How's this?
Mao Zedong is killed in the Chinese Civil War, and Zhou Enlai, with the support of Zhu De, Commander-in-Chief of the Red Army, is able to become the new head of the Communist Party. The Communists win on schedule in 1949, but Zhou Enlai lacks Mao Zedong's insanity, and thus does not hurtle the nation into crazy plans such as the Great Leap Forward; subsequently, China not only does not suffer 20,000,000+ deaths due to famine, but is able to actually industrialize (rather than concentrate on building incredibly terrible steel foundries that produce crap steel). Furthermore, Zhou is able to convince Stalin that the situation in North Korea is simply not winnable at this time; thus, Stalin does not give Kim Il Sung the green light to attack South Korea in 1949. With no Korean war, Japanese industry is unable to get off the ground, and the situation soon becomes intolerable. In the meantime, by 1955, China has fully recovered from the ravages of World War II, and its apparent success makes it the beacon of light in Asia, rather than Japan. Without the Japanese model, South Korea is also unable to overcome the losses of World War II, while North Korea, kept fed by Soviet and Chinese aid, quickly improves its living conditions, surpassing the South. Although China has "gone red," the calm and security of Asia, combined with the American (in fact, Western) racism against Asians, makes Americans feel more secure about the situation in Asia, and concentrate more on the situations in Europe.
The Soviet boycott of the UN over Taiwan's being seated in the Security Council instead of mainland China ends by 1952. Furthermore, de Gaulle becomes President of France in 1958, and begins his attacks on the power of America and calls for a European Europe. It is in this political atmosphere that Zhou finally feels that the situation is right, and gains Khruschev's support in giving Kim Il Sung the weapons, supplies, and permission to attack. On May 1st 1961, May Day, the radical workers' holiday, North Korea launches a surprise attack on South Korea, quickly penetrating S. Korean defenses and taking the capital city of Seoul. The US' efforts at bringing a UN intervention is vetoed out of hand by the Soviet Union, which calls the war a revolution by the Korean people and thus a "wholly internal matter." de Gaulle also refuses any attempt at NATO intervention, saying, quite bluntly, that he will not spend French lives to save Korean ones. Thus, by the time the United States decides to intervene on its own, the Korean peninsula is completely lost, and the People's Republic of United Korea is proclaimed.
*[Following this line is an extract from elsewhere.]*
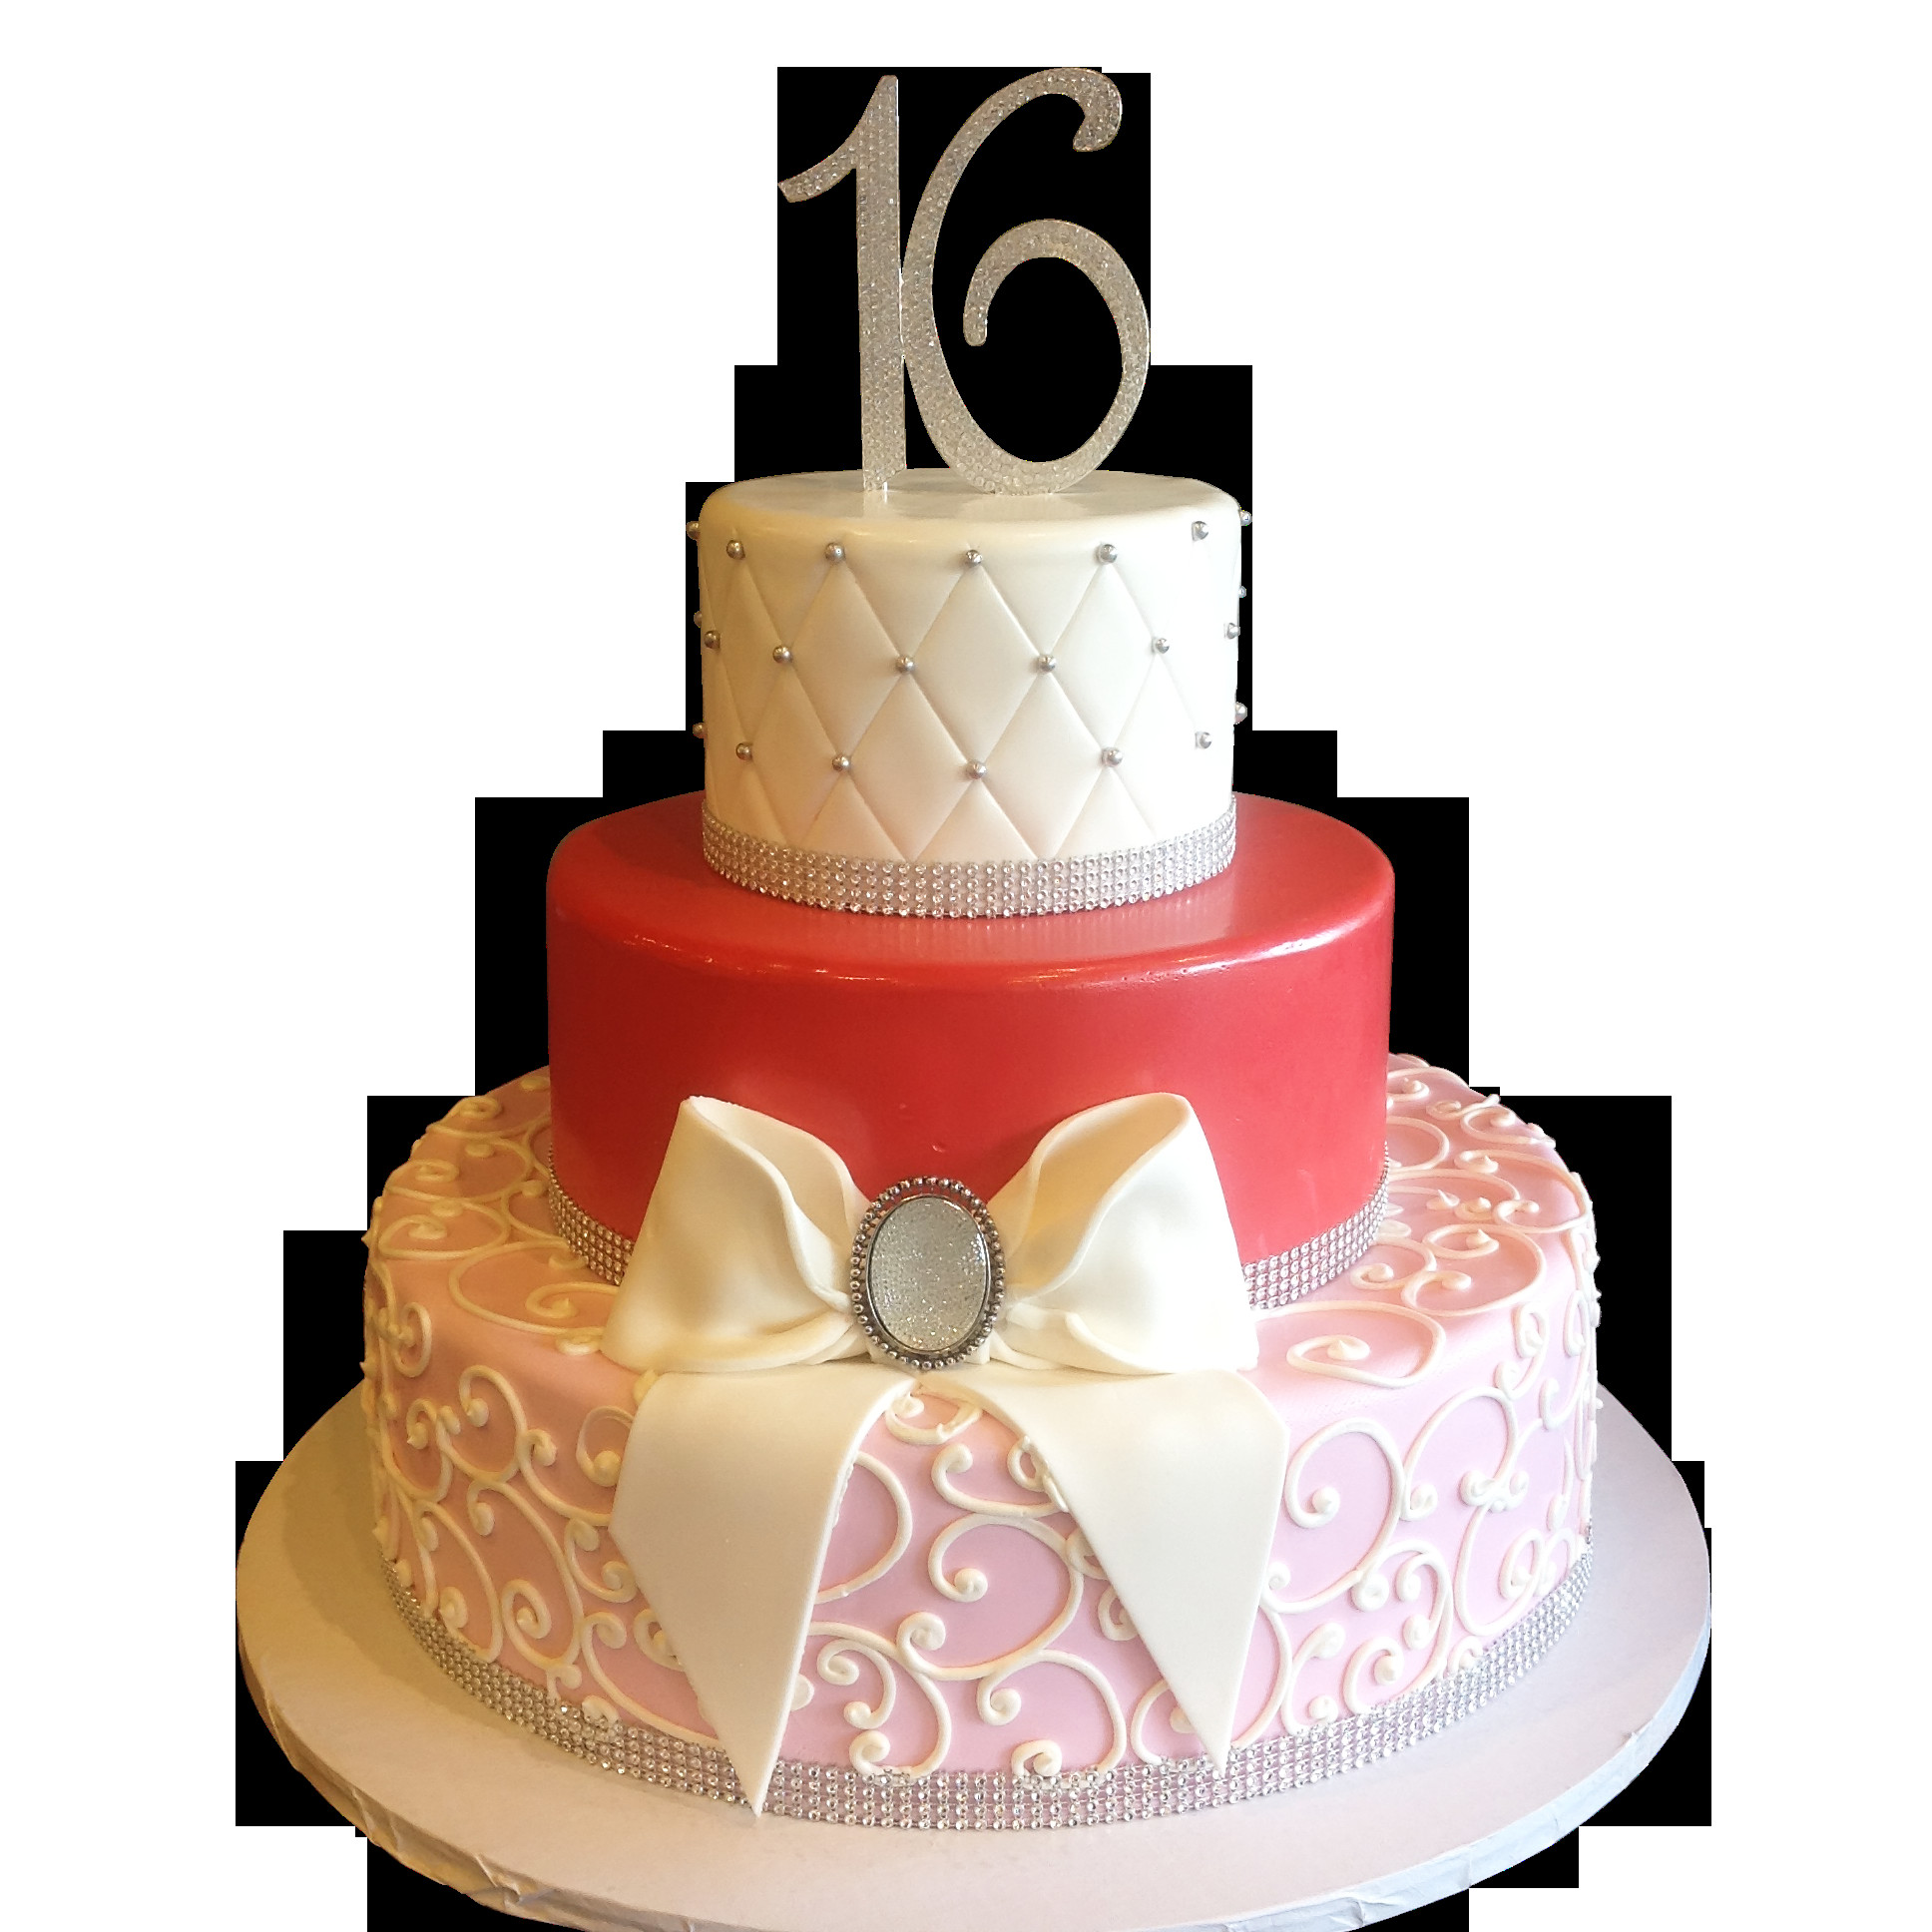 Sweet Sixteen Birthday Cakes
 Elegant Sweet 16 Birthday Cakes in NYC

The embarassment in Korea is the last straw; the Americans are generally discredited in Asia, as the Japanese economy is still a bare shadow of what it was before World War II, while China has now become the fourth economic power in the world, behind the United States, USSR, and the UK. Japanese communists win more and more elections in the country. The US responds by increasing its troop strength in Japan, to ward off any attempted Sino-Soviet attempts at an "uprising," and involves itself heavier as Vietnam continues to flare up, including a full-on invasion of neighboring Laos, which is proven to allow Vietnamese incursions across their border.
When Zhou dies in 1976, his successor, the able and resourceful Deng Xiaoping, continues Zhou's foreign policies, which include supplying the communists of Vietnam, who are still fighting against the American giant. America finally withdraws from Vietnam in 1978, but has so heavily damaged North Vietnam that South Vietnam does not crumble. Thus, also the US reputation is damaged at home and the youth movement does not falter in the 1980s, the US stands proud that it succeeded in Vietnam, though at the cost of nearly a hundred thousand American lives. By the end of Zhou Enlai's life, the Soviet Union and the PRC were beginning to go their different ways, as Moscow's attempt to insert its will across Asia were stymied by Beijing; when Deng Xiaoping came to power, he expanded upon the forms of capitalism that had been introduced by Zhou Enlai, which drove the USSR further away and propelled the Chinese economy to overtake Britain's in 1979. Although no Sino-Soviet war erupted, the loss of China as a true ally meant a weakening of the Soviet Union. To prove that they were not like the Americans, the Soviets entered Afghanistan, only to find it as deadly to them as Vietnam had proven to the US. The Soviet Union finally collapsed in 1991, after a failed coup against Mikhail Gorbachev, who had attempted to bring Deng's reforms to the USSR with added freedoms.
With the Soviet Union failed and gone, the People's Republic of China, the most ancient and populous nation on Earth, now led international Communism against the capitalist tide!